Контейнеризация GAMS со стандартными библиотеками Python с использованием Docker

В этой статье обсуждается сложная задача контейнеризации GAMS (Общая система алгебраического моделирования) вместе со стандартными библиотеками Python в одном контейнере Docker из-за отсутствия легкодоступных онлайн-ресурсов и собственной ограниченной документации GAMS по Docker.
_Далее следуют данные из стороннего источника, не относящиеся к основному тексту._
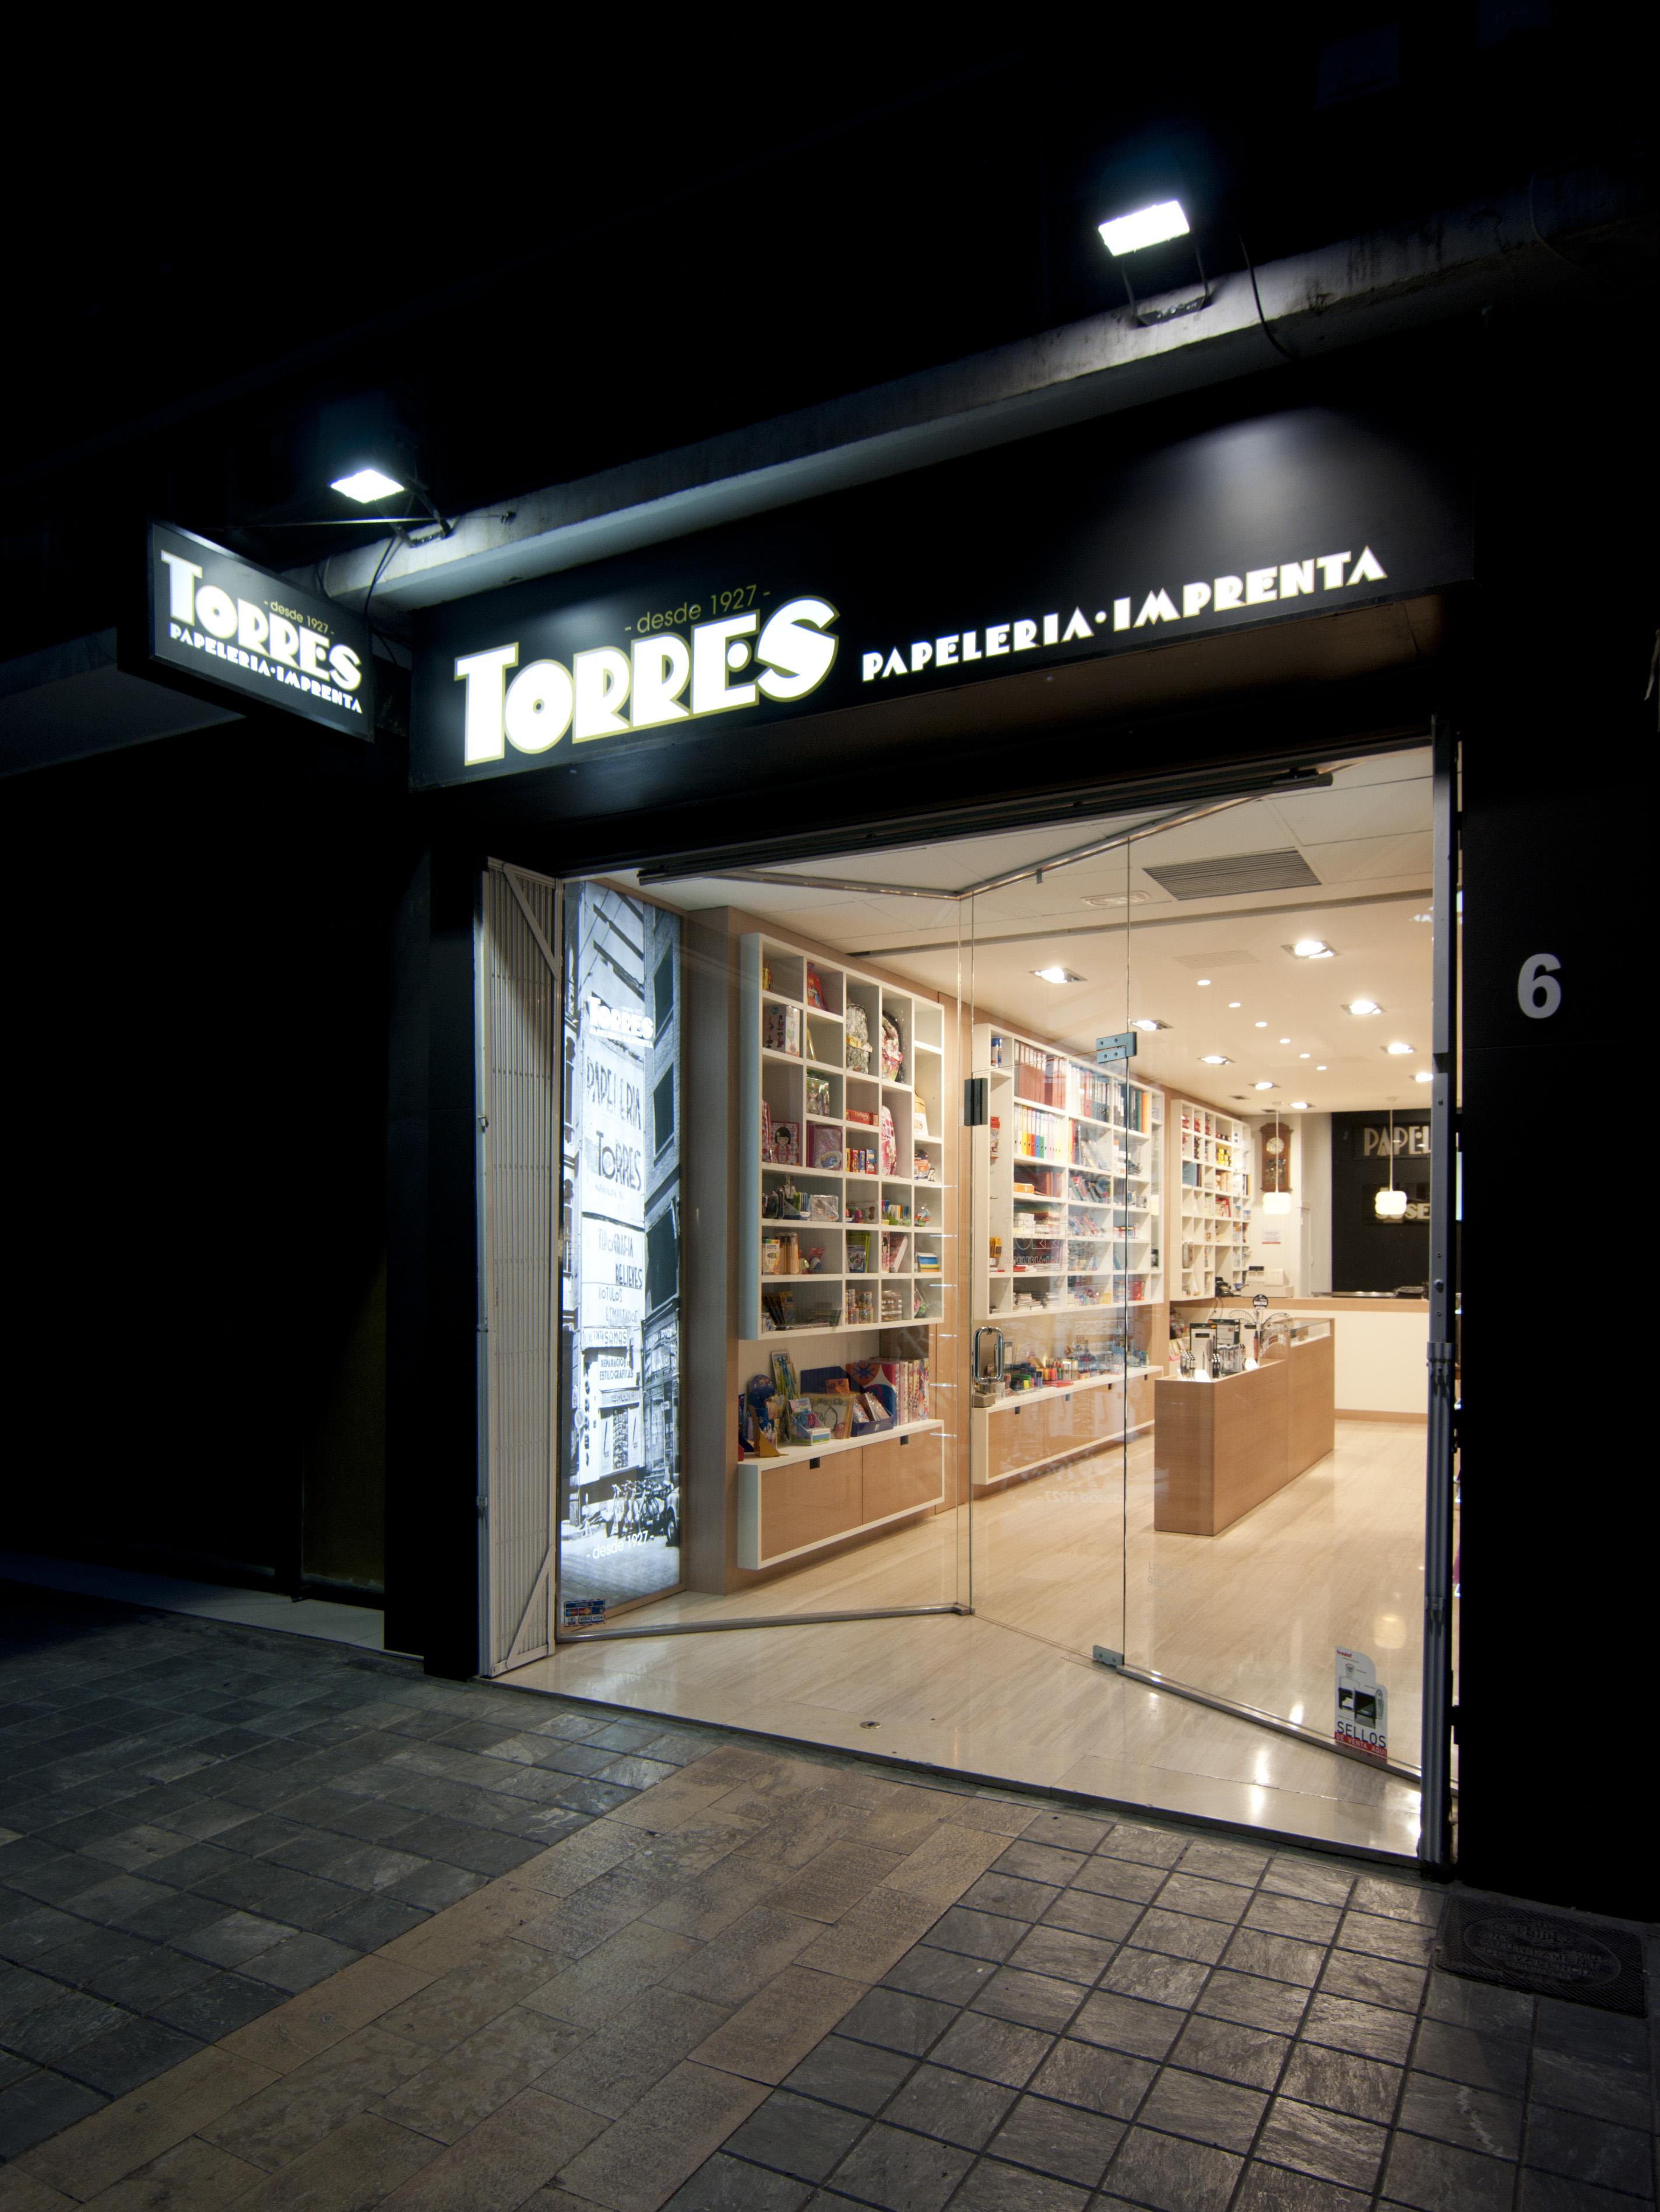 Insca Insca Shopfitting Archello # Muebles Villarreal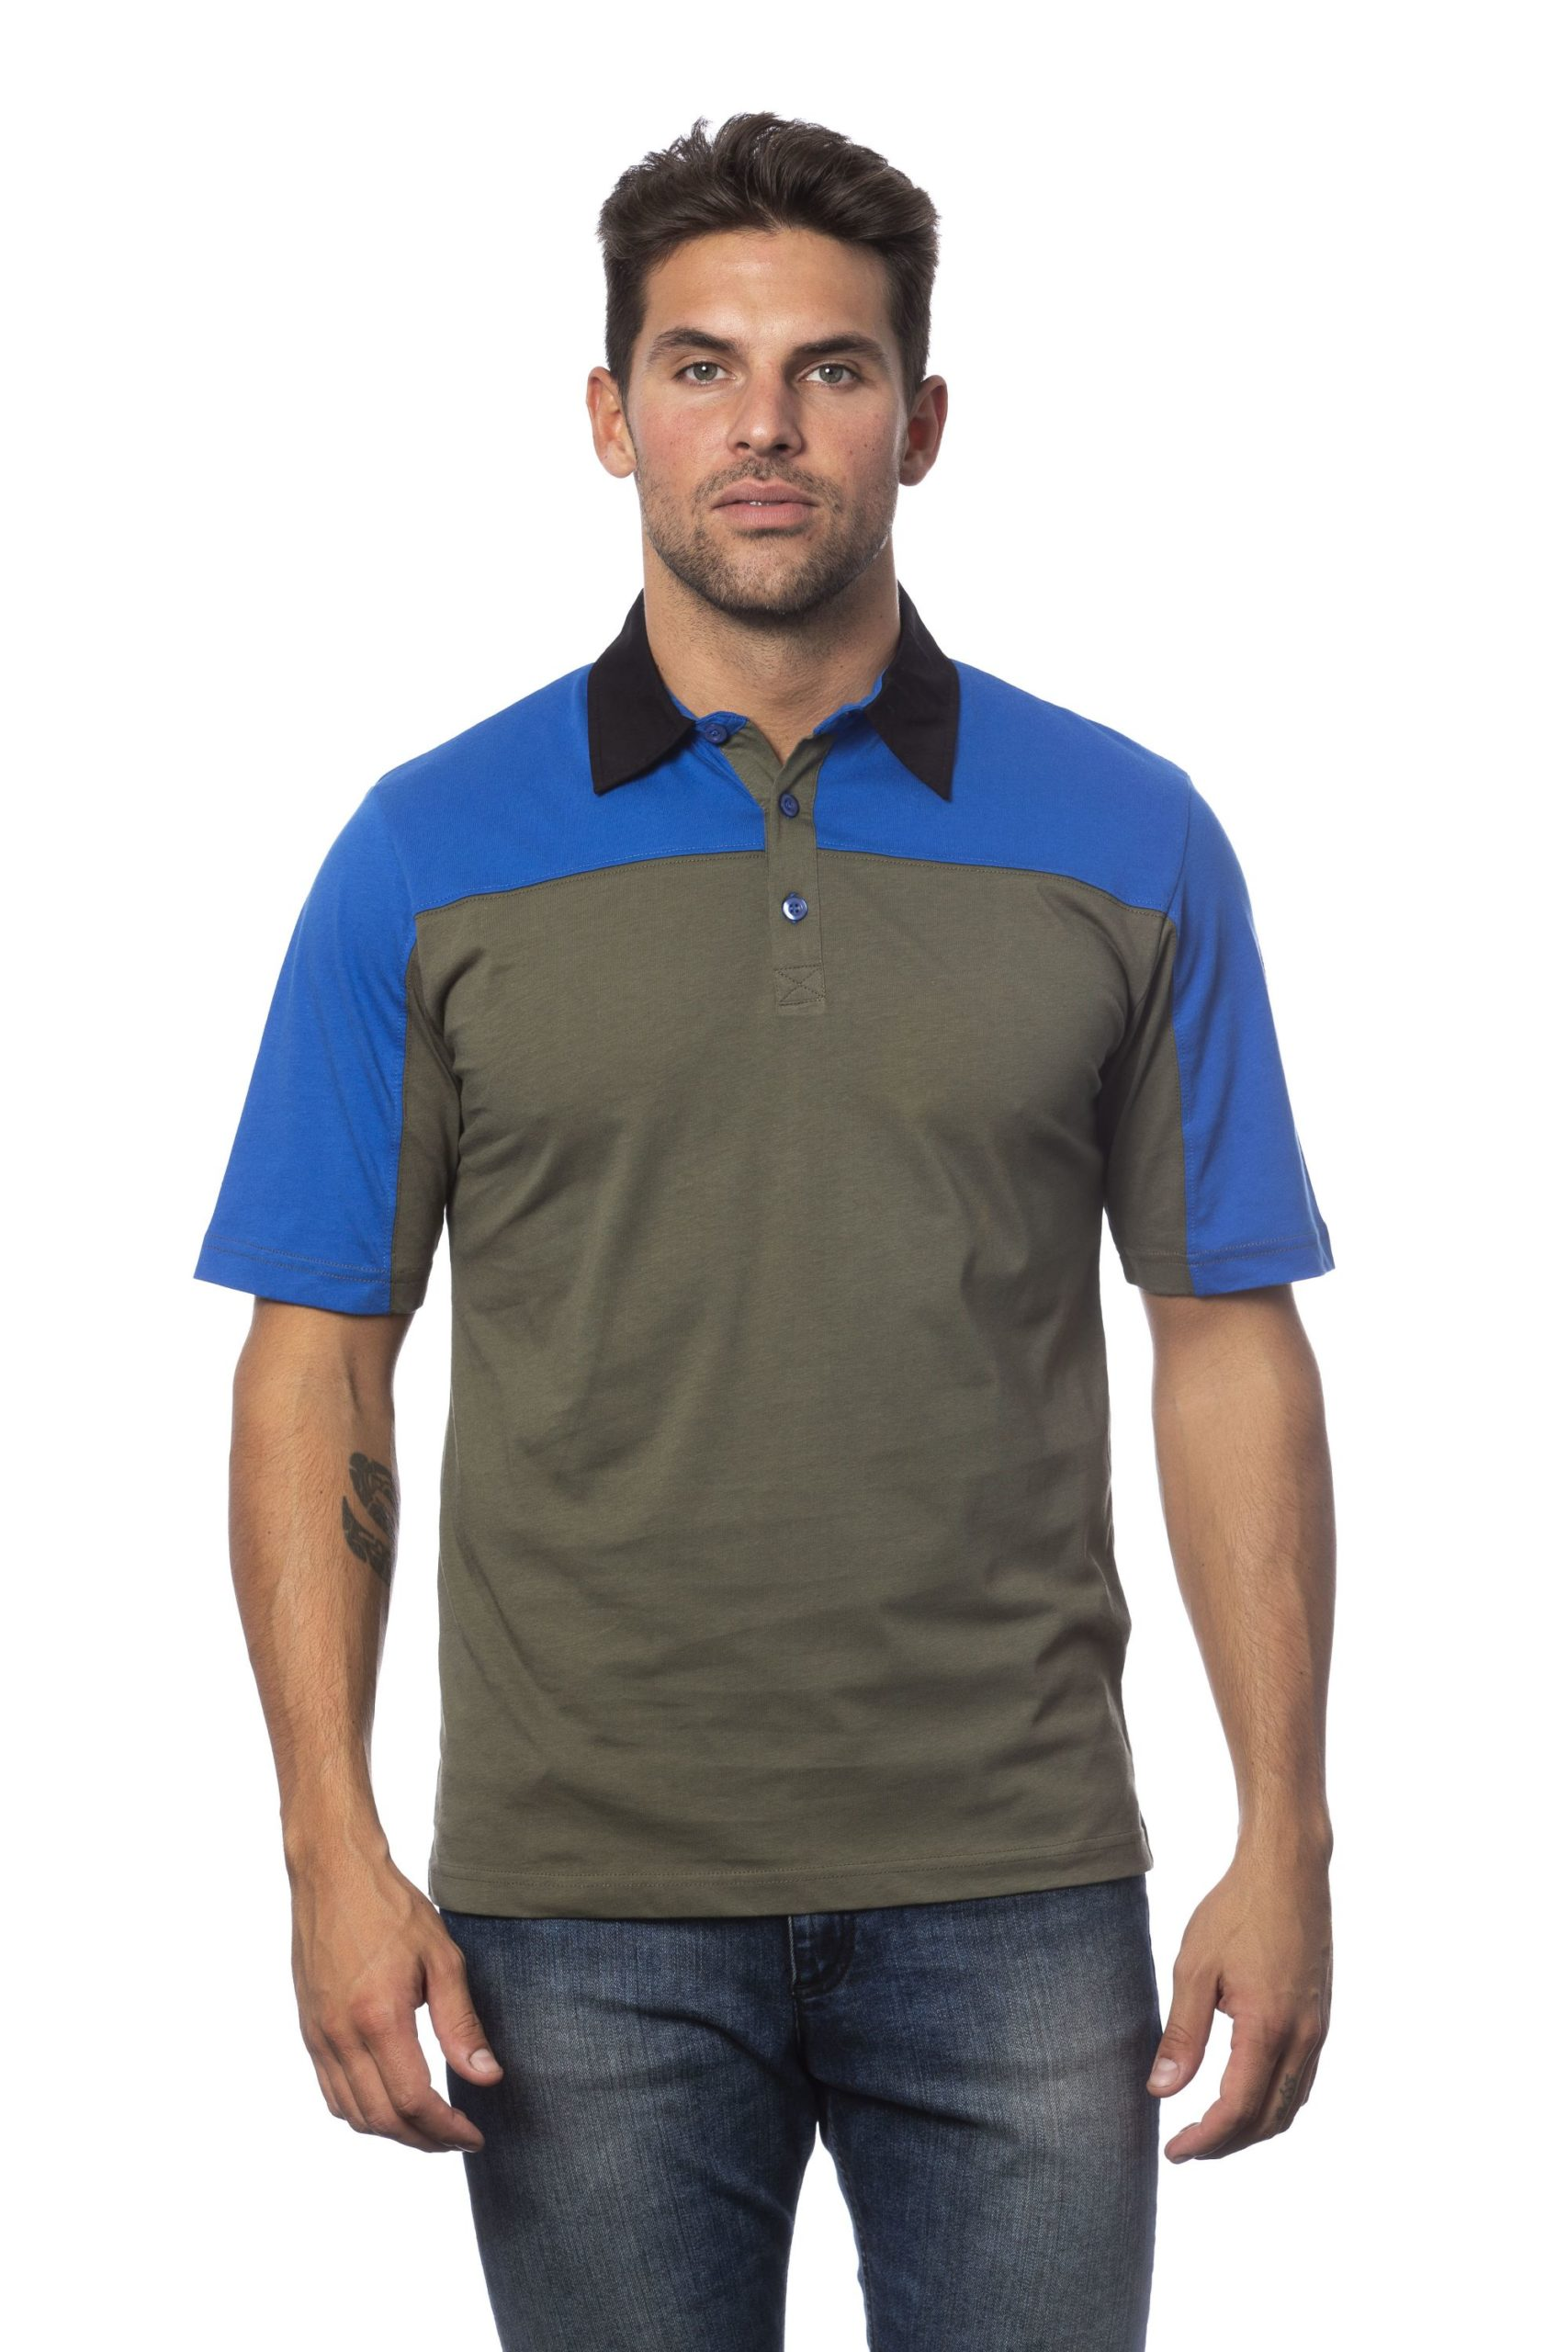 Verri Men's Polo Shirt Multicolor VE994860 - M

Вот основные шаги, которые мы предприняли для решения проблемы:

  1. Подготовка базового образа Docker. Мы начали с базового образа Ubuntu в Docker. Затем мы установили необходимые зависимости и библиотеки Python, необходимые нашему приложению, такие как GCC, Git, Ninja-build, libglib2.0–0 и т. д.
  2. Установка Anaconda: мы установили дистрибутив Miniconda, чтобы упростить управление нашей средой Python.
  3. Установка GAMS: загрузите программу установки GAMS и запустите ее. Включил GAMS в наш путь к среде, чтобы обеспечить его доступность для выполнения.
  4. Интеграция кода приложения: скопированы файлы кода нашего приложения, включая скрипты Python и вспомогательные модули, в рабочую область контейнера Docker.
  5. Предоставление лицензии GAMS: файл лицензии GAMS добавлен в соответствующий каталог в контейнере Docker.
  6. Создание сценариев точки входа:разработаны сценарии оболочки (setup_conda.sh и docker_entrypoint.sh) для настройки среды conda, установки пакетов Python и запуска наших приложений Python соответственно. Гарантировано, что эти сценарии были исполняемыми.
  7. Конфигурация точки входа: Docker настроен для запуска нашего сценария setup_conda.sh при запуске контейнера, который, в свою очередь, инициирует наш сценарий docker_entrypoint.sh.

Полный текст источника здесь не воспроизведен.